No loans or guarantees is issued made or given to any members of the Board of Directors or senior management by Sodexo or by any Group company.

No assets necessary for the Group’s operations are owned by any members of the Board of Directors or senior management or by their families.

There are no potential conflicts of interest between the duties to Sodexo of members of the Board of Directors or senior management and their private interests. In particular the Pierre and Danielle Bellon Family controls 72.6% of the family holding company Bellon SA, which in turn holds 42.8% of the share capital of Sodexo and 57.5% of the exercisable voting rights as of August 31, 2022. Mr. and Mrs. Pierre Bellon and their children entered into an agreement in June 2015 to prevent their direct descendants from freely disposing of their Bellon SA shares for 50 years. Bellon SA’s only asset is its holding in Sodexo; Bellon SA has no intention of selling this holding to a third party.

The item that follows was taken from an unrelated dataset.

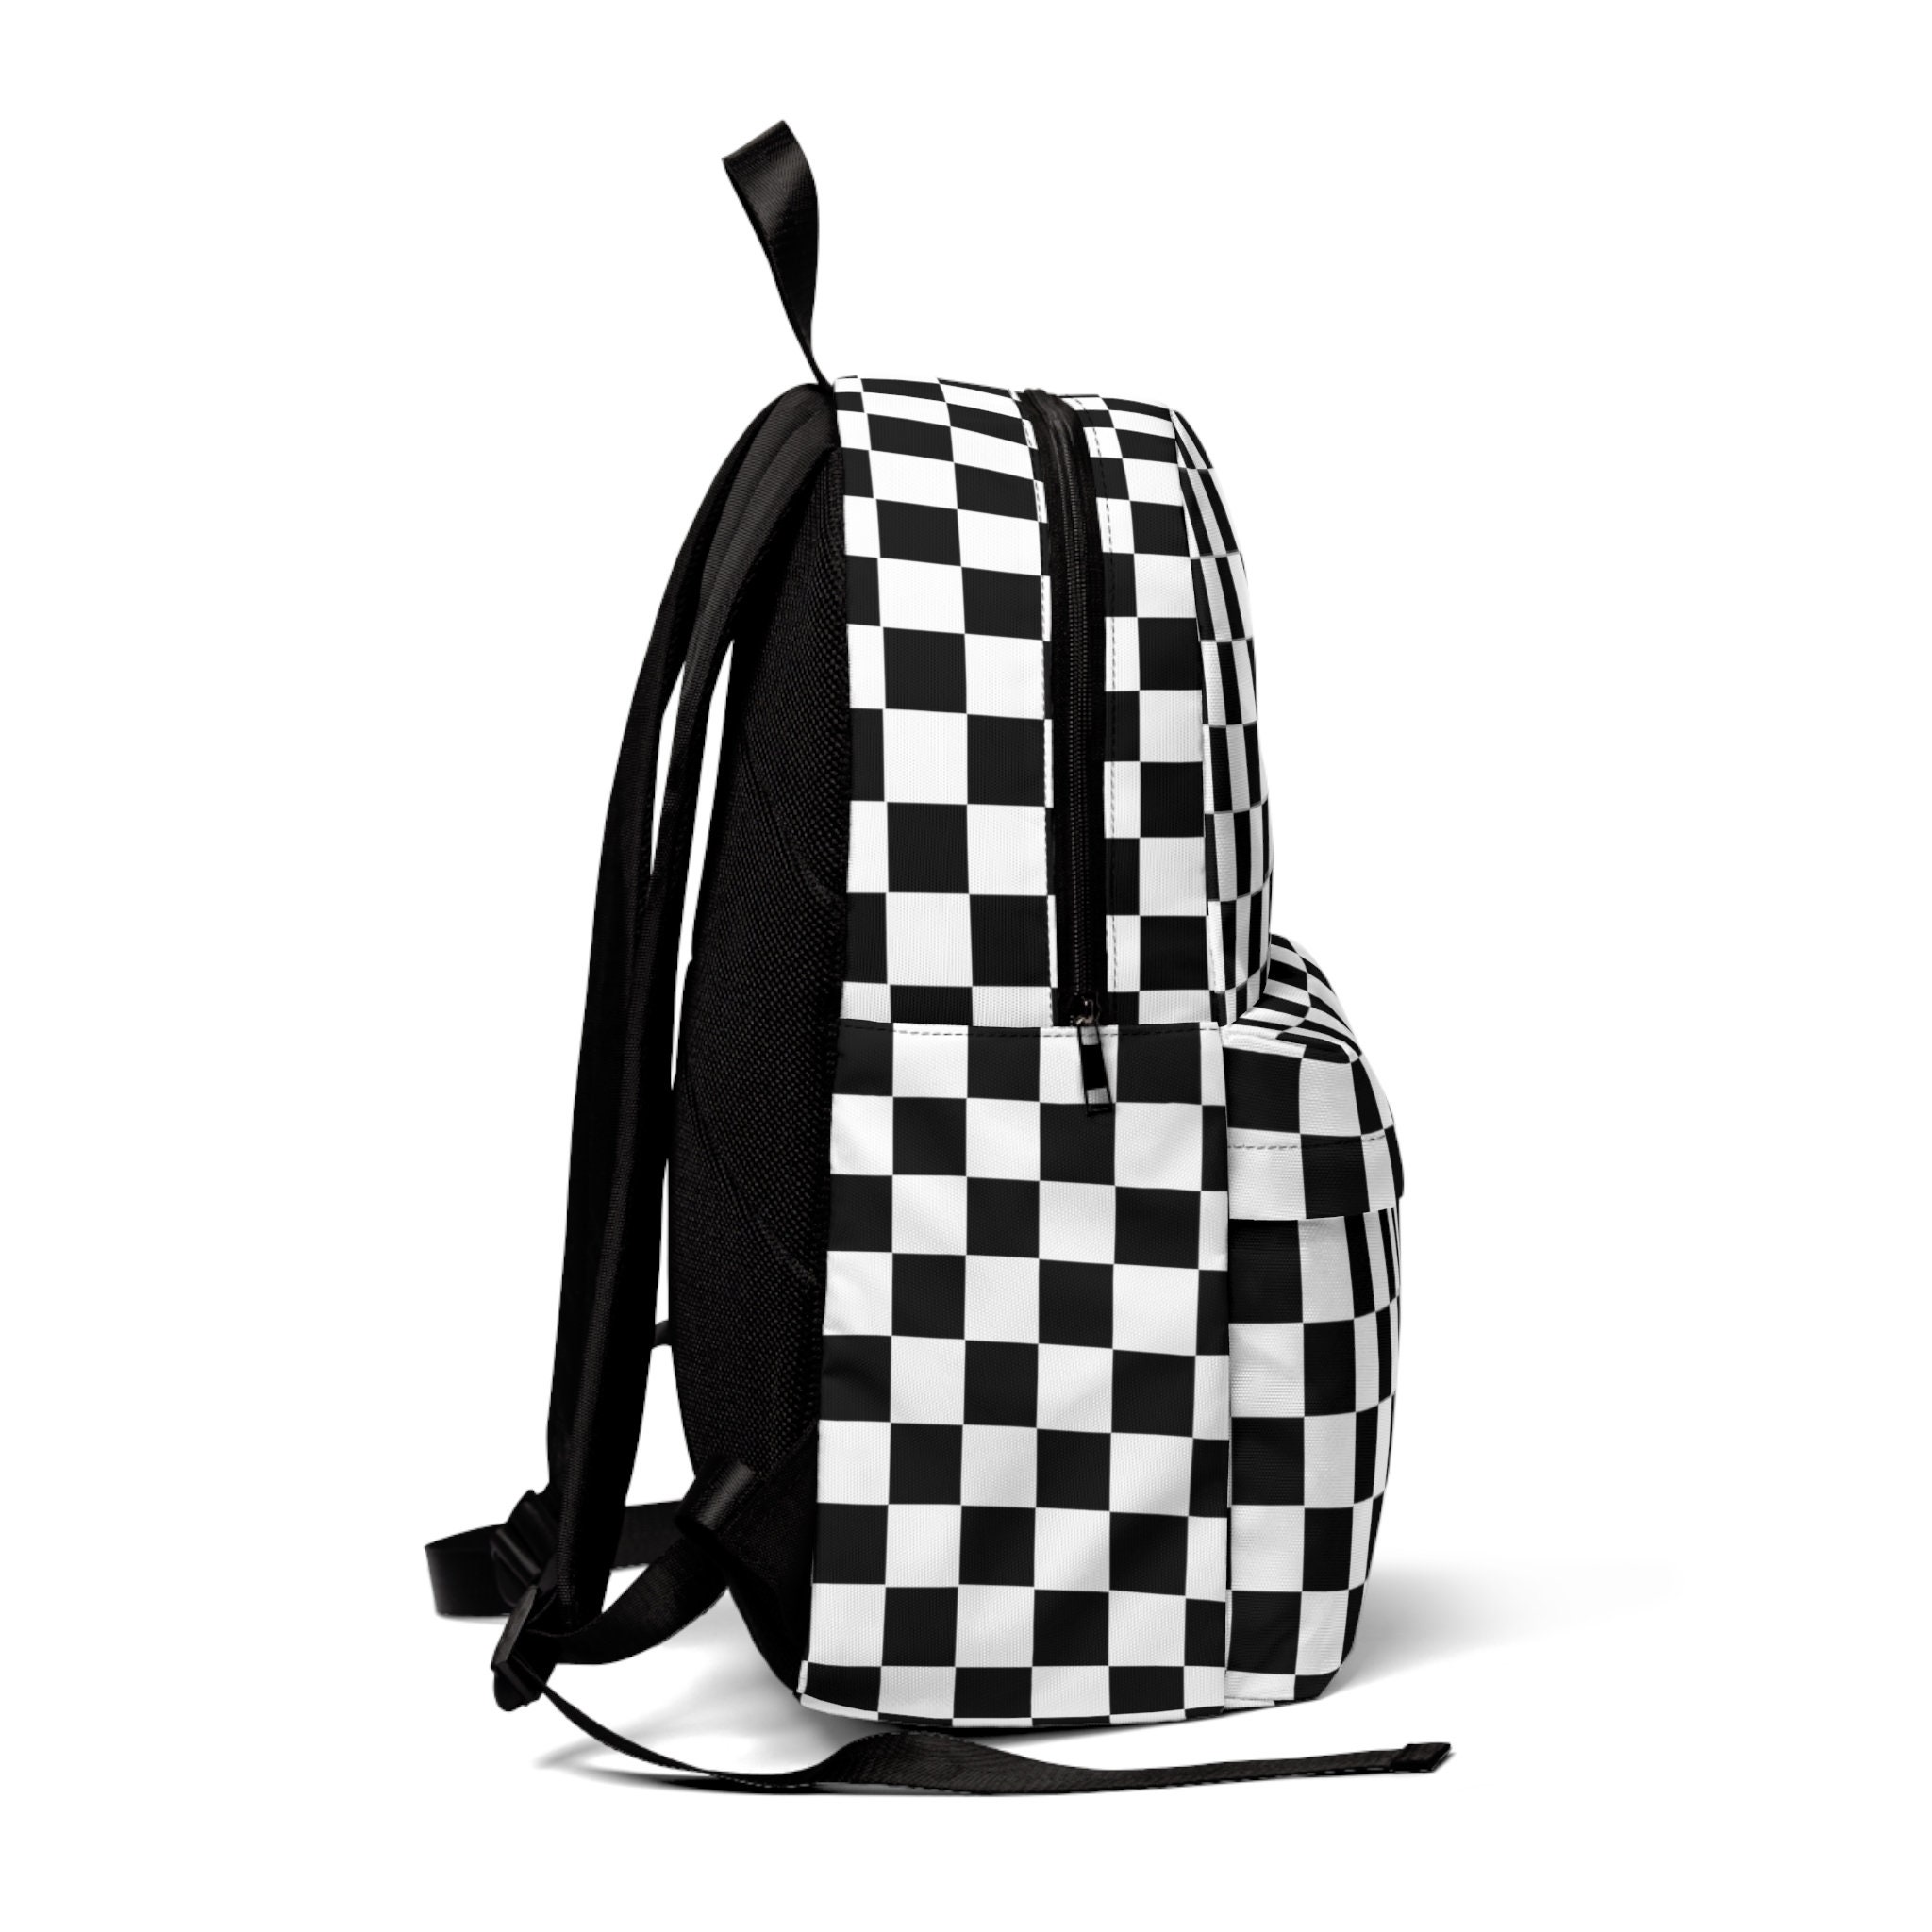 White Checkered Backpack Purse
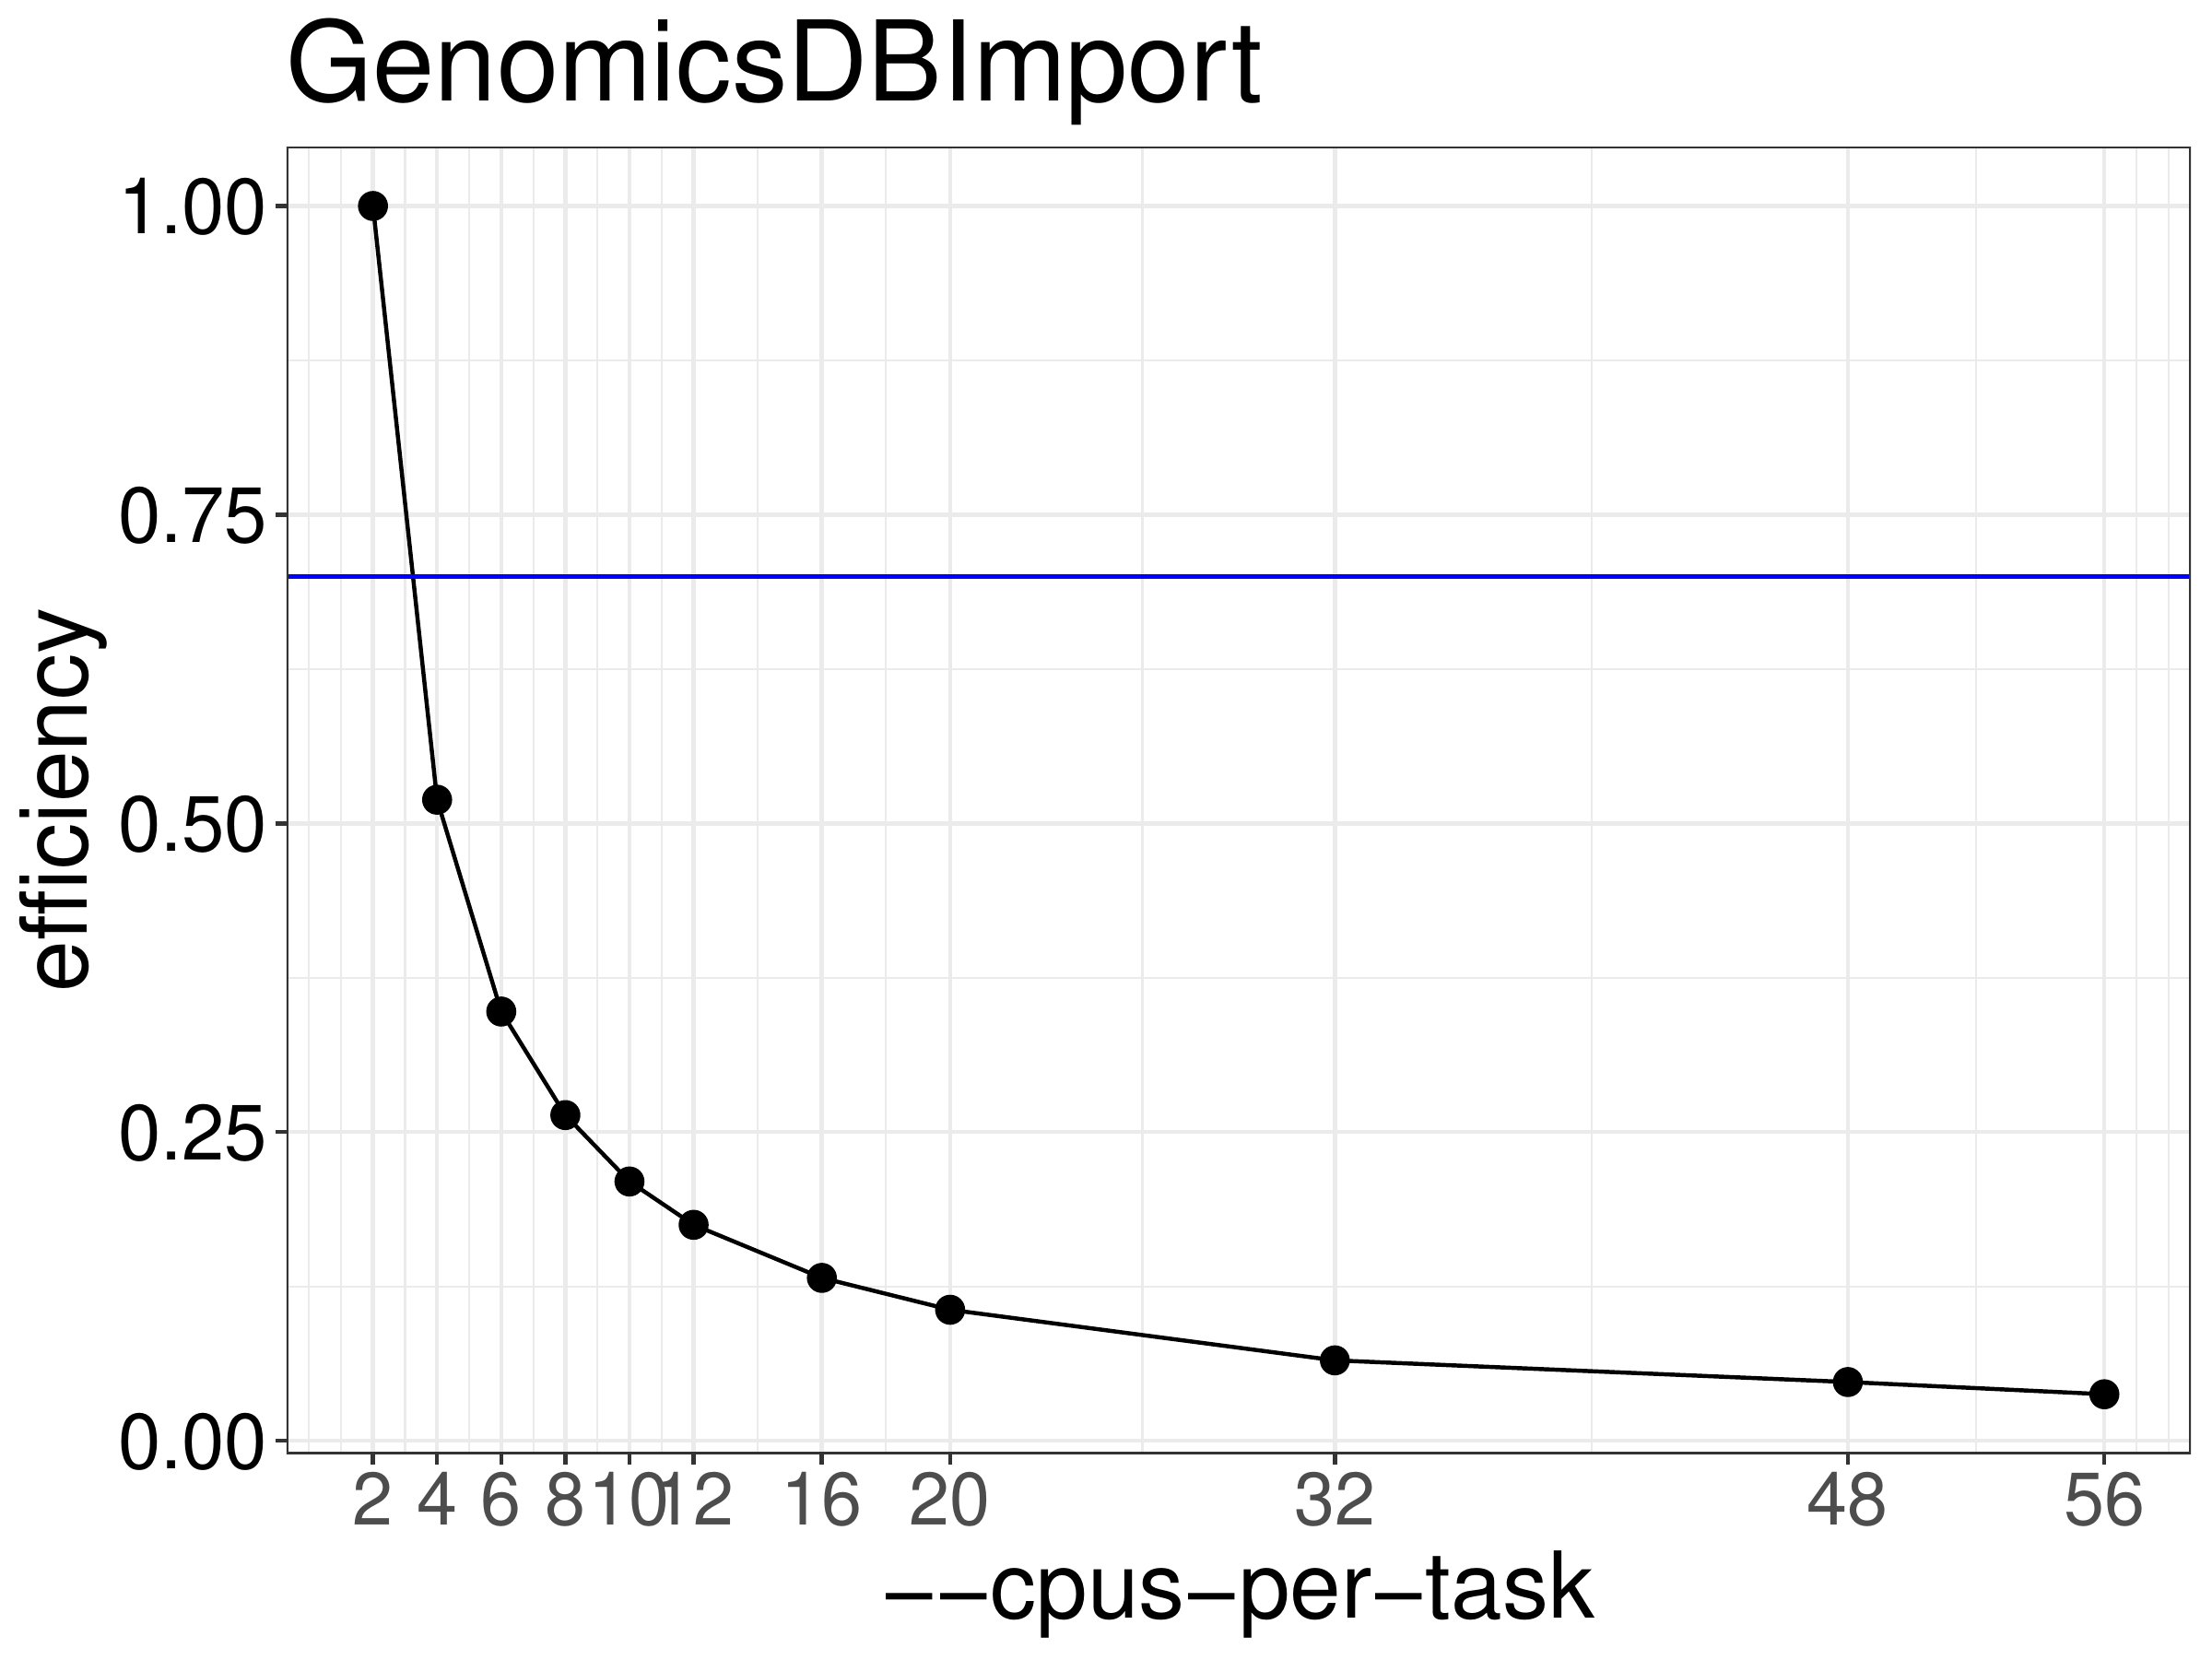 Efficiency of GenomicsDBImport as a function of the number of threads

As far as the Company is aware, no member of the Board of Directors or of the senior management has during the past five years been:

  • convicted of fraud;
  • associated with a bankruptcy, receivership or liquidation;
  • officially incriminated and/or subject to any official public sanction issued by a statutory or regulatory authority;
  • prohibited by a court from acting as a Board member, a Supervisory Board member, or a member of senior management of an issuer, or from participating in the management or business affairs of an issuer.
Transactions in Sodexo shares carried out by Corporate Officers, Board members, members of their family and related persons

Under article 223-26 of the French securities regulator’s (Autorité des marchés financiers — AMF) General Regulation, no transactions in Company shares by Corporate Officers, directors and persons closely related to these officers and directors have been declared to the AMF pursuant to article L.621-18-2 of the French Monetary and Financial Code during Fiscal 2022.

Measures to prevent control being exercised in an abusive manner

Sodexo has put in place a series of measures in order to ensure that the control over the Company is not exercised in an abusive manner. Examples of these measures include:

  1. the presence of seven independent directors among the twelve members of the Board of Directors (including two directors representing employees) as of August 31, 2022;
  2. the fact that the Company has put in place three specialized Committees, which are all chaired by independent directors and which all have a majority of independent directors among their members, as recommended by the AFEP-MEDEF Code;
  3. following the combination of the roles of Chairwoman of the Board of Directors and Chief Executive Officer, a Lead Independent Director, Luc Messier, was appointed from March 1, 2022. His duties, the resources available to him and his activity report for Fiscal 2022 are described in Section 6.2.1.5;
  4. the disclosures within this document of the relationship between Sodexo and Bellon SA:
    • these include the ownership interest of Bellon SA in Sodexo (disclosed in section 7.3 of this document),
    • the Sodexo shares are the only assets held by Bellon SA; consequently, the interests of Sodexo’s shareholders are aligned with those of Bellon SA’s shareholders and the capital ties between the two companies do not generate any conflict of interest,
    • since 1991, a service agreement between Bellon SA and Sodexo has been in operation (described below in the paragraph concerning related-party agreements). The fees payable under this agreement and changes in these fees are reviewed annually by the Audit Committee.